Recall that the t-distribution has heavier tails than the z-distribution, so probabilities farther from the mean will be larger for t. Also, as the degrees of freedom increase, t becomes closer to z.

Smallest to largest:
\[P(Z < -1.40) < P(T < -1.40, df=14) < P(T < -1.40, df=9) < P(Z > 1.20) < P(T > 1.20, df=14) < P(T > 1.20, df=9)\]

Exercise 2

Use R calculator to find the values of the probability of t-distribution.
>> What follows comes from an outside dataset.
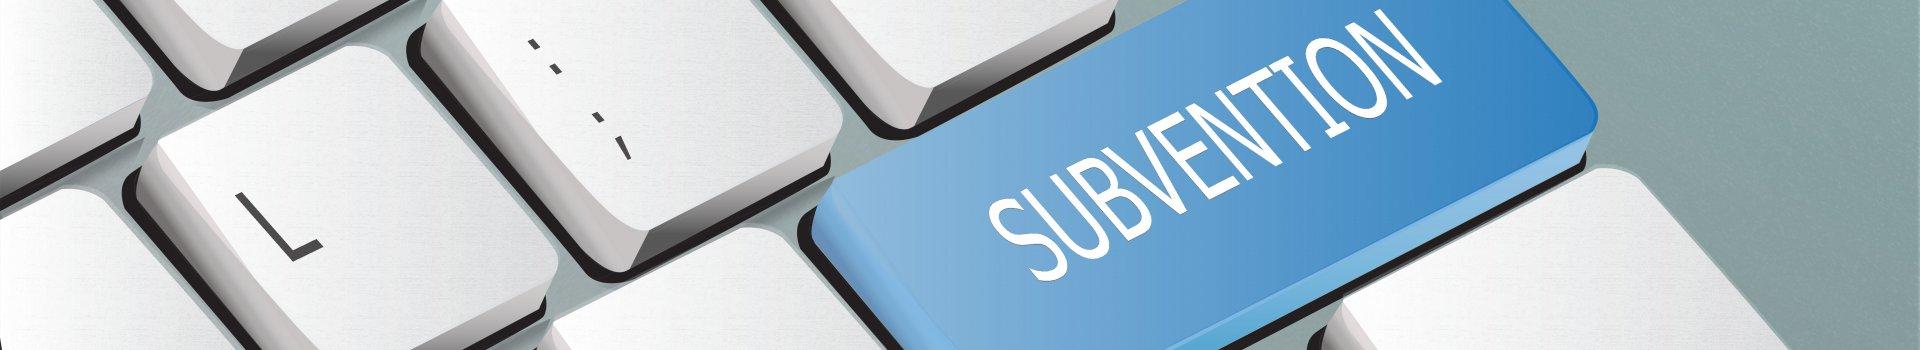 Demandes de subventions

Sketch the t-curve and shaded region.

\(P(T < -1.40)\) with \(df=9\)
\(P(T < -1.40)\) with \(df=14\)
\(P(T > 1.20)\) with \(df=9\)
\(P(T > 1.20)\) with \(df=14\)

Solution

pt(-1.40, df=9)     # 0.0948
pt(-1.40, df=14)    # 0.0905
pt(1.20, df=9, lower.tail=FALSE)  # 0.1266
pt(1.20, df=14, lower.tail=FALSE) # 0.1233

Exercise 3

Use R calculator to find the critical t-value \((t_{\alpha/2})\), rounding to 4 decimal places.

CL = 90%, \(n = 9\)
CL = 98%, \(n = 22\)
CL = 99%, \(n = 30\)
CL = 95%, \(n = 11\)

Solution

Degrees of freedom \(df = n - 1\).

qt(0.95, df=8)   # 1.8595
qt(0.99, df=21)  # 2.5176
qt(0.995, df=29) # 2.7564
qt(0.975, df=10) # 2.2281

Confidence Level	df	\(\alpha/2\)	\(t_{\alpha/2}\)
90%	8	0.05	1.8595
98%	21	0.01	2.5176
99%	29	0.005	2.7564
95%	10	0.025	2.2281

Exercise 4

Find confidence intervals using the following sample information:

\(n=6, \bar{x}=5.3, s=1.5\), 90% confidence level
\(n=18, \bar{x}=5.3, s=1.5\), 90% confidence level
\(n=6, \bar{x}=5.3, s=1.5\), 98% confidence level
\(n=18, \bar{x}=5.3, s=1.5\), 98% confidence level

# (a)
t_a <- qt(0.95, df=5); ME_a <- t_a * 1.5/sqrt(6)
c(5.3 - ME_a, 5.3 + ME_a)

# (b)
t_b <- qt(0.95, df=17); ME_b <- t_b * 1.5/sqrt(18)
c(5.3 - ME_b, 5.3 + ME_b)

# (c)
t_c <- qt(0.99, df=5); ME_c <- t_c * 1.5/sqrt(6)
c(5.3 - ME_c, 5.3 + ME_c)

# (d)
t_d <- qt(0.99, df=17); ME_d <- t_d * 1.5/sqrt(18)
c(5.3 - ME_d, 5.3 + ME_d)

Case	df	CL	\(t_{\alpha/2}\)	Margin of Error	Confidence Interval
(a)	5	90%	2.015	1.23	(4.07, 6.53)
(b)	17	90%	1.740	0.62	(4.68, 5.92)
(c)	5	98%	3.365	2.06	(3.24, 7.36)
(d)	17	98%	2.567	0.91	(4.39, 6.21)

Exercise 5

What factors influence the width of a confidence interval?

Solution:

Confidence level: Higher confidence \(\Rightarrow\) wider interval.

Sample size (n): Larger \(n \Rightarrow\) smaller standard error \(\Rightarrow\) narrower interval.

Sample variability (s): Larger \(s \Rightarrow\) wider interval.

From Exercise 4, increasing \(n\) narrows the interval, while increasing the confidence level widens it.

Exercise 6

A 95% confidence interval for \(\mu\) is given as (22.50, 23.70) based on a sample of 49.

Find: (a) \(\bar{x}\) (b) Margin of error (c) \(t_{\alpha/2}\) (d) Standard error (e) Sample SD

mean <- (22.50 + 23.70)/2        # 23.10
ME <- (23.70 - 22.50)/2          # 0.60
t <- qt(0.975, df=48)            # 2.010
SE <- ME / t                     # 0.2985
s <- SE * sqrt(49)               # 2.09
mean; ME; t; SE; s

Exercise 7

Find the P-value for the given sample sizes and test statistics:

\(n=24\), \(T=2.315\), right-tailed
\(n=16\), \(T=-1.60\), left-tailed
\(n=24\), \(T=2.315\), two-tailed
\(n=16\), \(T=-1.60\), two-tailed

# a
1 - pt(2.315, df=23)     # 0.0159
# b
pt(-1.60, df=15)         # 0.0653
# c
2*(1 - pt(2.315, df=23)) # 0.0318
# d
2*pt(-1.60, df=15)       # 0.1306

Case	Tail	P-value	Decision (\(\alpha=0.05\))
(a)	Right	0.0159	Reject \(H_0\)
(b)	Left	0.0653	Fail to reject \(H_0\)
(c)	Two	0.0318	Reject \(H_0\)
(d)	Two	0.1306	Fail to reject \(H_0\)

Exercise 8

A random sample of 25 Seattle residents reported their daily coffee intake:

\[ n = 25, \quad \bar{x} = 2.7, \quad s = 0.9 \]

A nutritionist claims that Seattle residents drink more than 2 cups per day on average.
Is the result statistically significant?

Follow the steps to conduct the hypothesis test.

Write the hypotheses

\[ H_0: \mu = 2 \\ H_a: \mu > 2 \]

Calculate the test statistic

\[ T = \frac{\bar{x} - \mu_0}{s / \sqrt{n}} = \frac{2.7 - 2}{0.9 / \sqrt{25}} = \frac{0.7}{0.18} = 3.89 \]

(c) Compute the P-value and draw a picture

1 - pt(3.89, df = 24)
# [1] 0.00035

Conclusion (using \(\alpha = 0.05\))

Since \(P < 0.05\), we reject \(H_0\). There is strong evidence that Seattle residents drink more than 2 cups of coffee per day on average.

Confidence interval interpretation

A 90% confidence interval corresponding to this hypothesis test would not include 2, which supports the conclusion from the hypothesis test.